> **What this task involves**
Return every line from the one with "Belli est une" through the one with "Cette sculpture est", inclusive, exactly as it appears below.

> **Materials provided**
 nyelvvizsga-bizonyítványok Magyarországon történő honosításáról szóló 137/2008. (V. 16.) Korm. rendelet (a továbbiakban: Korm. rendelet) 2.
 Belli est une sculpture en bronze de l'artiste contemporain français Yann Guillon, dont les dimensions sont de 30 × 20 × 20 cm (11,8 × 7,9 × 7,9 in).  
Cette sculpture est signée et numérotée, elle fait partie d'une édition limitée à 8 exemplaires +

==

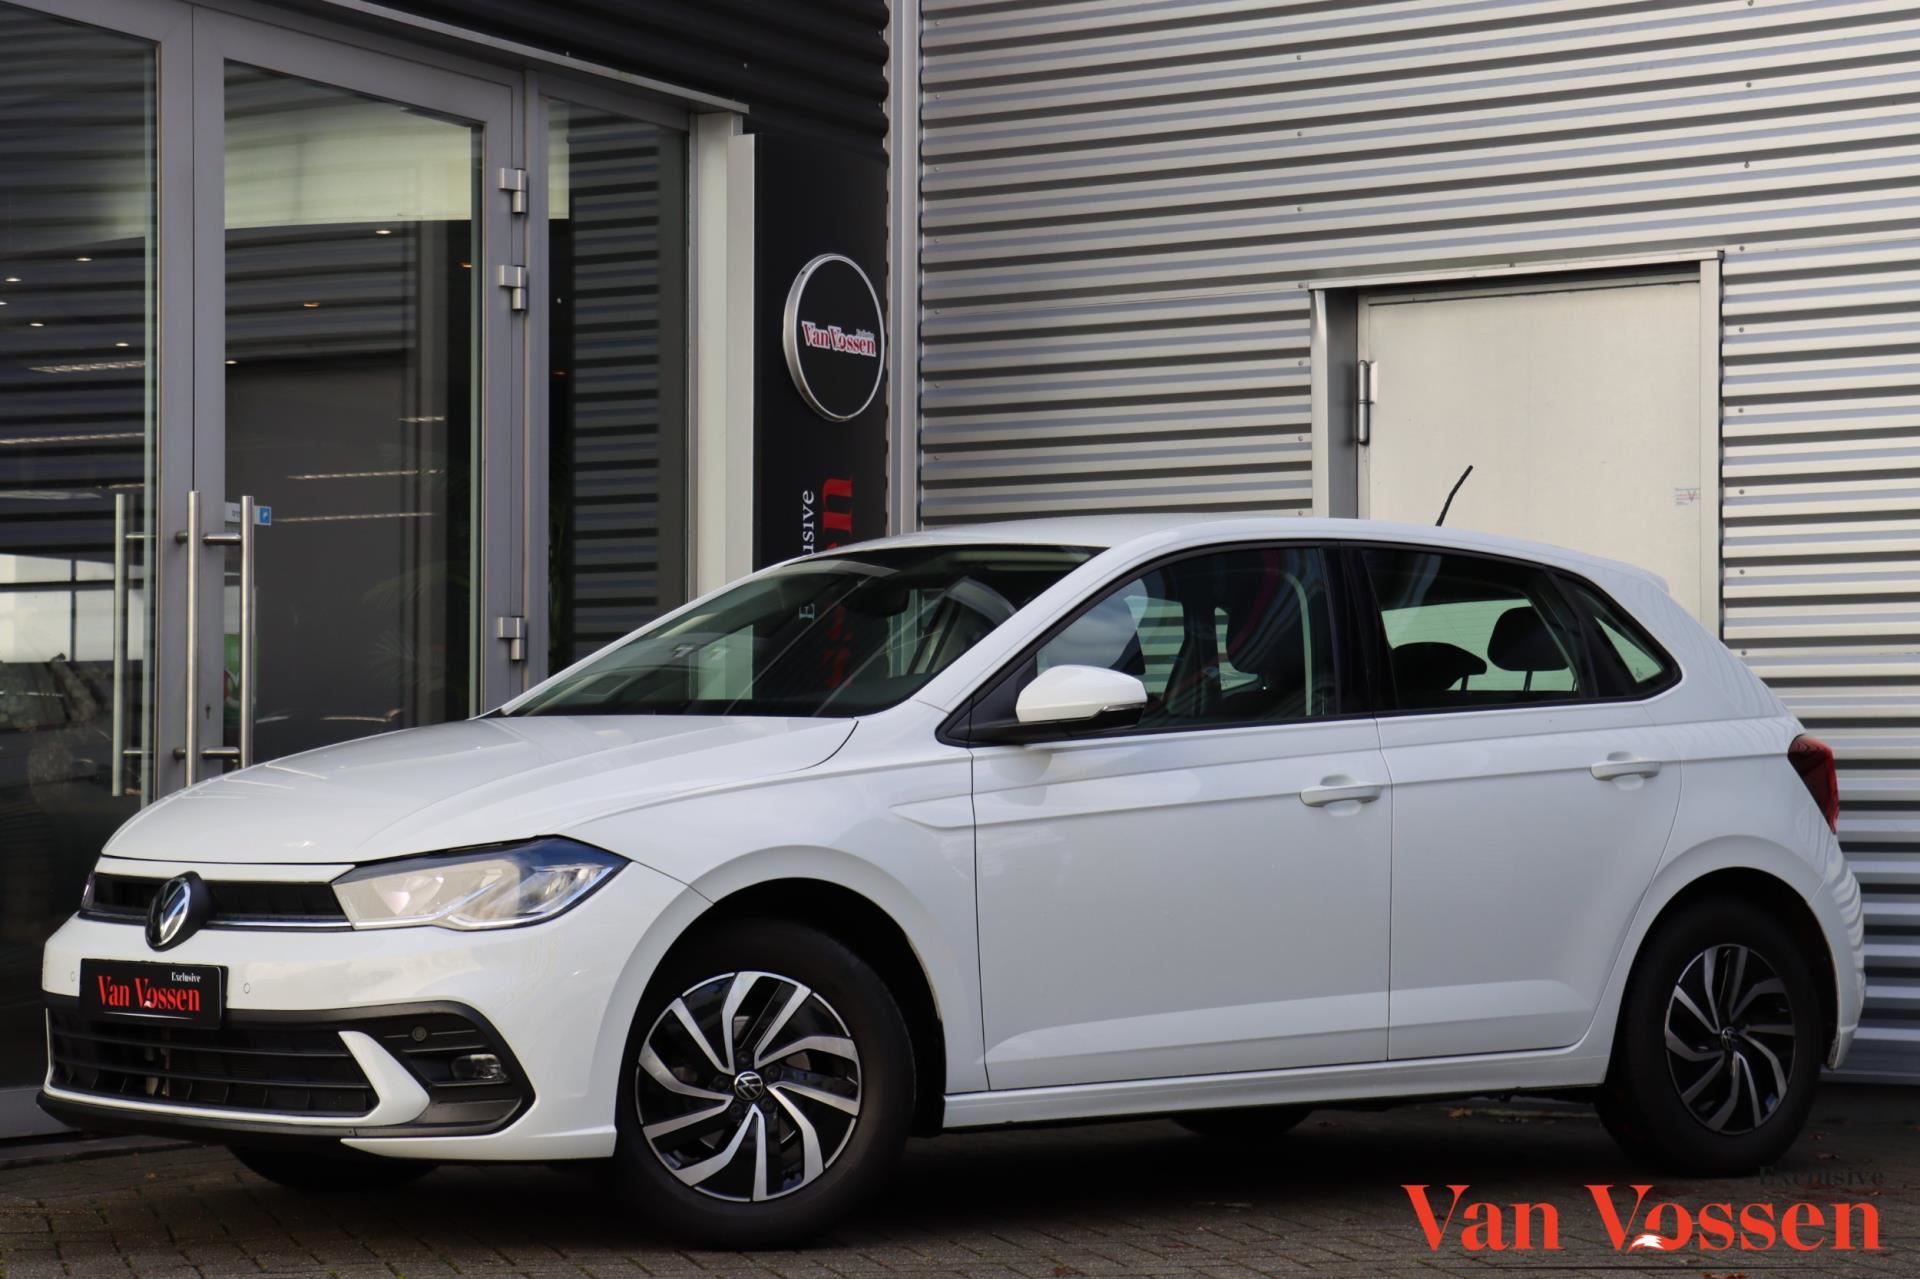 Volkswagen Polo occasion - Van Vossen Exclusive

> **Exercise output**
 Belli est une sculpture en bronze de l'artiste contemporain français Yann Guillon, dont les dimensions sont de 30 × 20 × 20 cm (11,8 × 7,9 × 7,9 in).  
Cette sculpture est signée et numérotée, elle fait partie d'une édition limitée à 8 exemplaires +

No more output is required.